Figure 6. Amino acid residues of the β I domain covered by mass spectrometry.

The amino acid residues of the β I domain are shown. Covered residues by mass spectrometry are shown in red. Adducted residues are shown in asterisk.

Figure 7. αIIbβ3 headpiece structure and adducted residues.

(A) The X ray crystal structure of αIIbβ3 headpiece was obtained from protein data bank (PDB; 3FCS). There are three metal binding sites in the I domain of the β subunit. Mg²⁺ in the MIDAS (this site is directly involved in ligands binding) is shown in yellow sphere, while Ca²⁺ in the SyMBS and ADMIDAS are shown in orange and light orange spheres, respectively. (B) The blowout of residues around metal binding sites from Figure 7 (A) is shown. The adducted residues of photolabeling experiments are shown in blue. Again, Mg²⁺ in the MIDAS is shown in yellow sphere, while Ca²⁺ in the SyMBS is shown in orange sphere. Both figures were created using PYMOL. (C) The structure of αIIbβ3 in the open conformation was obtained from Protein data bank (http://www.rcsb.org/pdb/home/home.do; PDB 3FCU).
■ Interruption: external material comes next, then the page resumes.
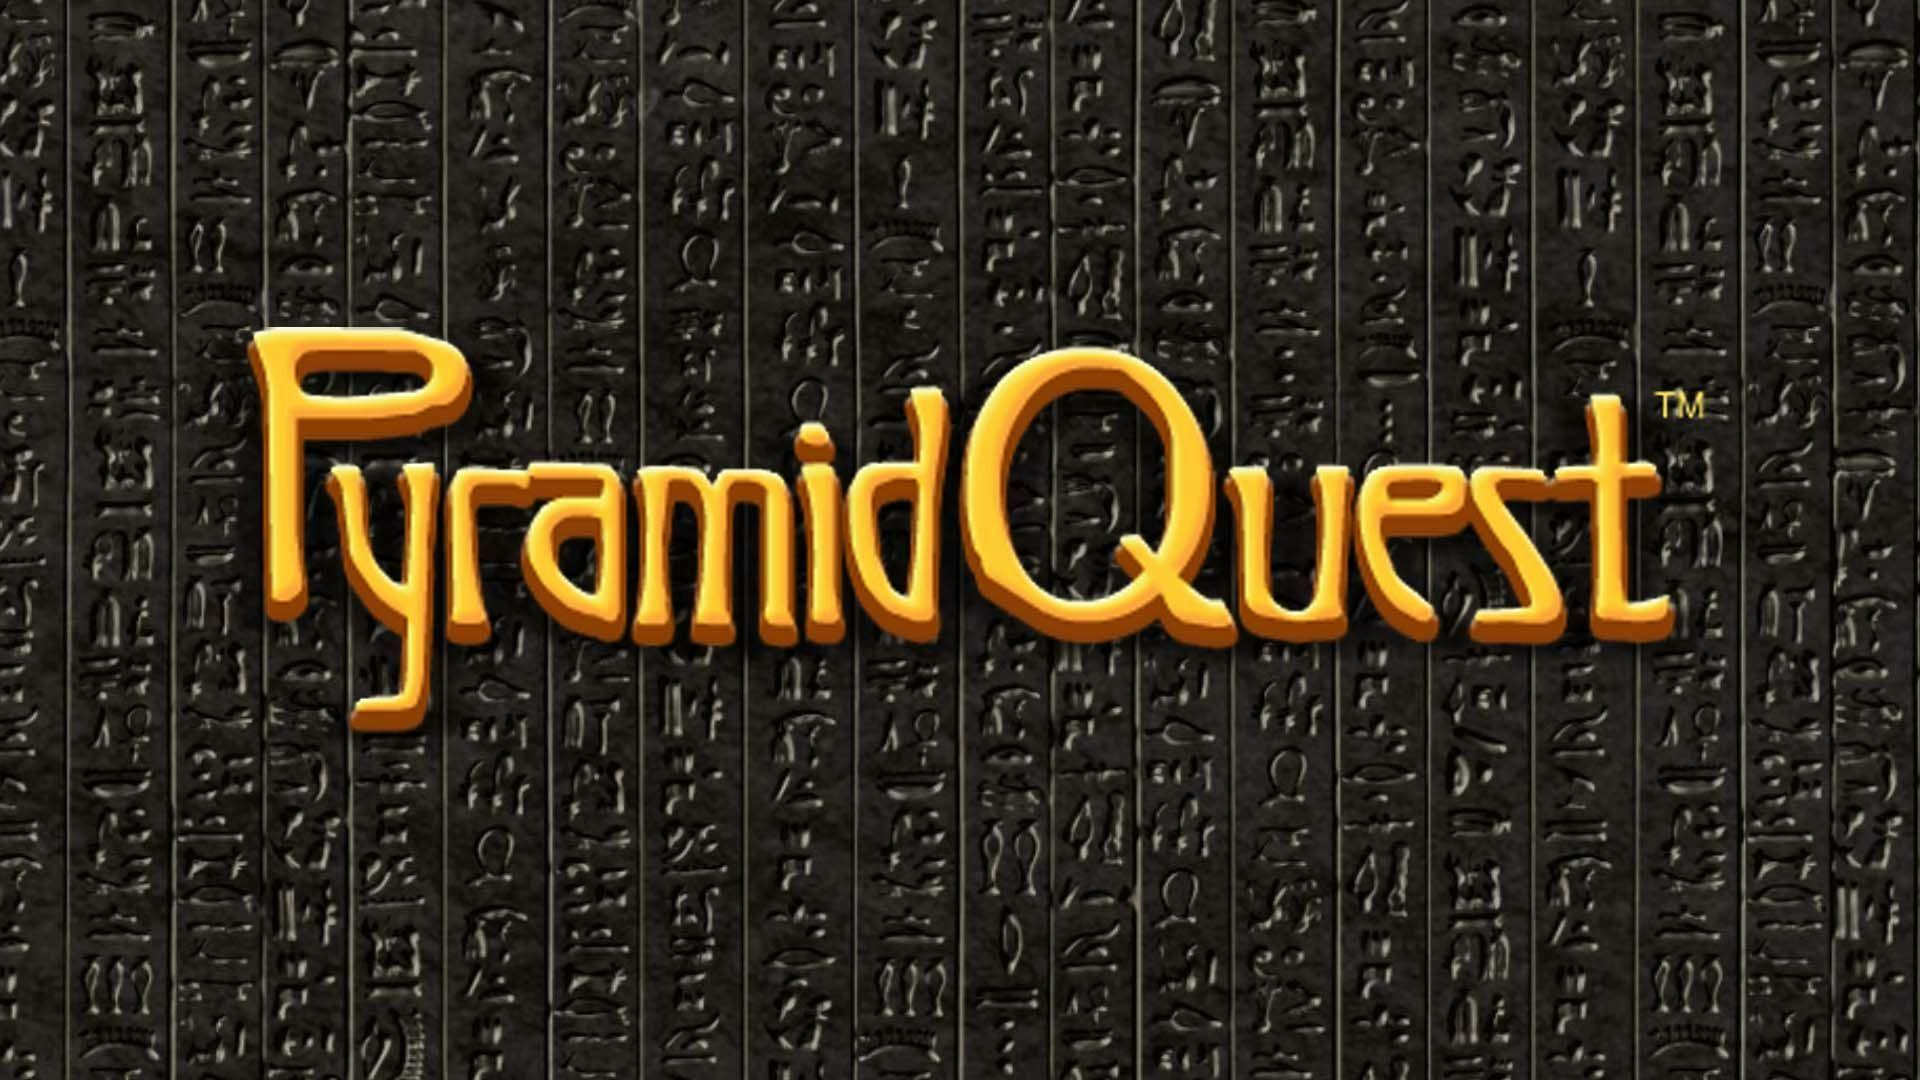 Pyramid Quest Slot Machine Online Free Game Play

Residues shown as green spheres on αIIbβ3 are suggested PAC-1 binding sites by Puzon-McLaughlin et al. . This figure was created using PYMOL.

Figure 8. β3 mutants of adducted residues.
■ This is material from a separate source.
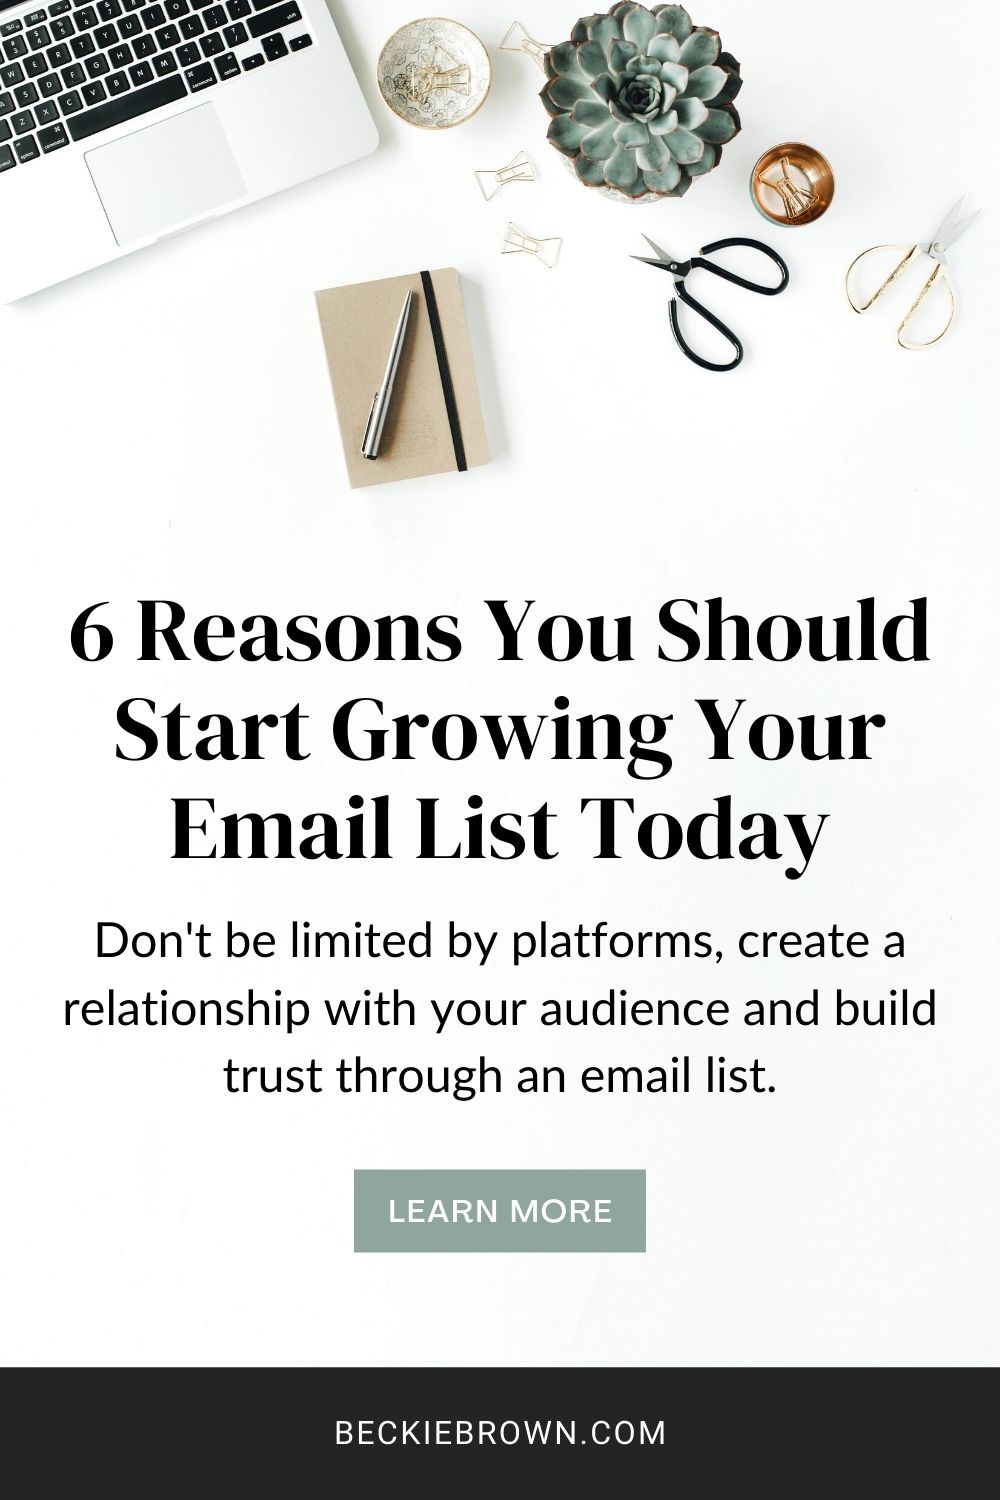 Don't be limited by platforms, create a relationship with your audience and build trust through an email list.

(A) PAC-1 binding to mock, αIIbβ3 wild type or mutant in 1 mM Mg²⁺/Ca²⁺ or 1 mM Mn²⁺/0.4 mM Ca²⁺. MFI; mean fluorescence intensity. One-way analysis of variance with Tukey post hoc analysis was performed to compare different groups (excluding mock group). * denotes p<0.05 versus wild type, 1 mM Mn²⁺/0.4 mM Ca²⁺ group. (B) Surface expression of mock, αIIbβ3 wild-type or mutants probed by AP3 is shown. Data is shown as mean +/− S.D. of three independent experiments. One-way analysis of variance with Tukey post hoc analysis was performed (excluding mock group). * denotes p<0.05 versus wild type.